= Video games in Belgium =

This article is about the video game market and culture in Belgium.

==Consumer availability==

===Distribution===
Distribution in Belgium is usually done by publishers that cover the entire Benelux, although some of the publishers' offices are located in Belgium. Since not every publisher has a separate office for the Benelux, certain publishers take care of multiple labels, including those of other publishers.

===Rating===
Belgium supports the PEGI rating system but there is no legislative basis. PEGI was developed and is owned by the Interactive Software Federation of Europe which is based in Brussels.

===Sales===
In 2011, the Belgian consumer bought 6.54 million games. More than 84% of those games were console games.

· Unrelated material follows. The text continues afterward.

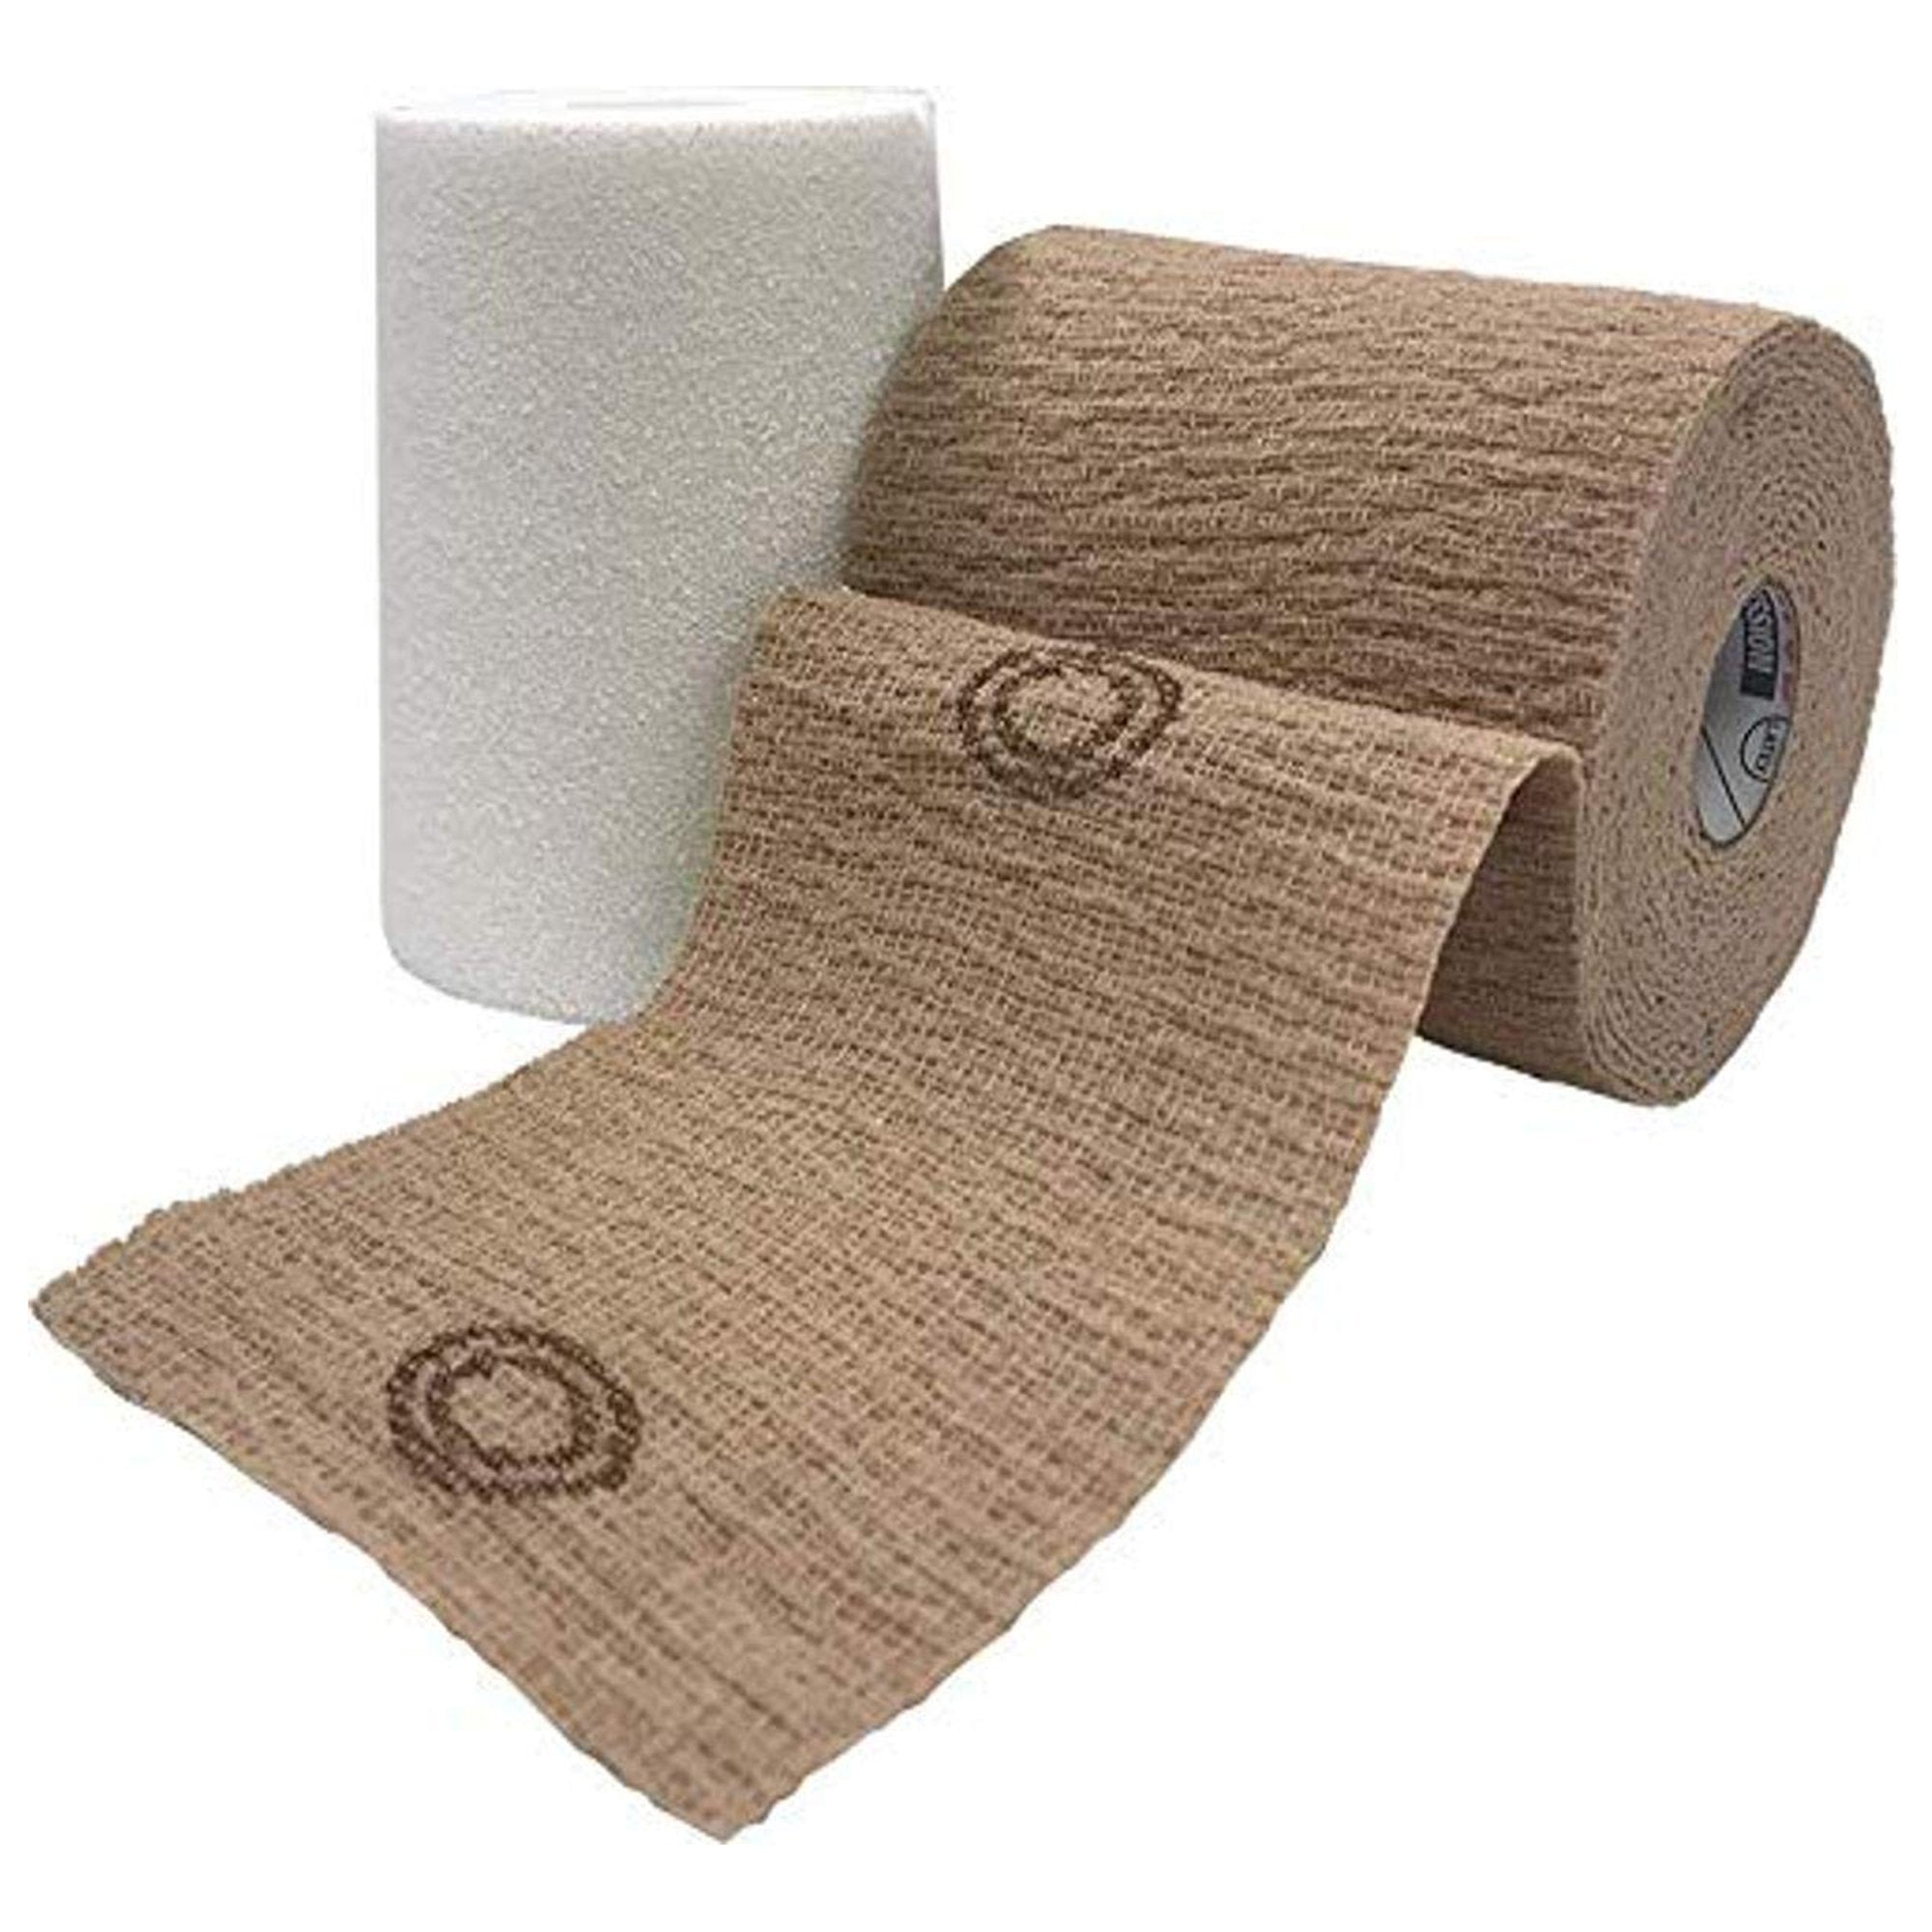 2 Layer Compression Bandage System CoFlex® TLC Zinc with Indicators 4 Inch X 6 Yard / 4 Inch X 7 Yard Self-Adherent / Pull On Closure Tan NonSterile 35 to 40 mmHg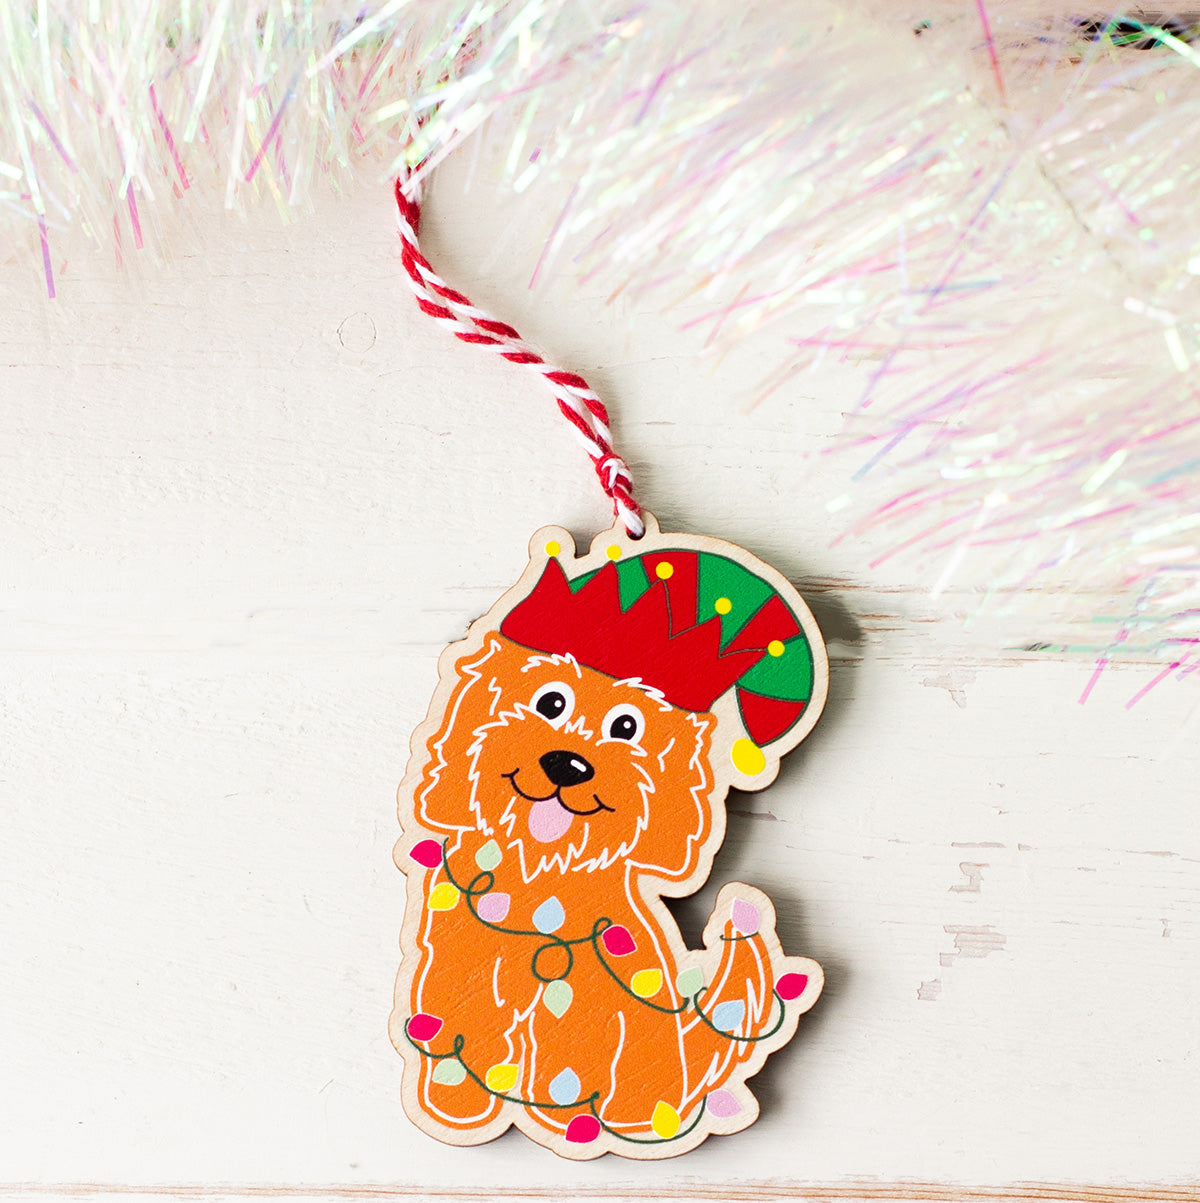 cheeky festive cockapoo christmas decoration illustrated in a gingerbread style printed on to wood with red and white twine

The sales generated a revenue of 220 million euro, which means they stayed stable compared to 2010.

==Belgium's appearance in video games==

===Belgium as a setting===
Belgium is not often used as an originally created setting for video games, although it does appear in some types of simulation games.

- World War II games
The famous Battle of the Bulge is featured in the following video games:
- Battle of the Bulge, various wargames simulating the battle.
- Call of Duty: United Offensive, the American campaign is set during the Battle of the Bulge.
- Medal of Honor: European Assault, the final campaign is set at the start of the Battle.
- Bulge '44 (HPS Simulations) An operational level strategy wargame, covering many scenarios, both historic and alternative.
- Call of Duty: WWII, Battle of the Bulge, Ardennes map in multiplayer

- Racing games
- Circuit de Spa-Francorchamps is a popular racing circuit. It's the host of the Belgian Grand Prix and has been featured in many Formula One games and other racing games like Need for Speed: Shift, Race Driver: Grid, Forza Motorsport 5 and Gran Turismo.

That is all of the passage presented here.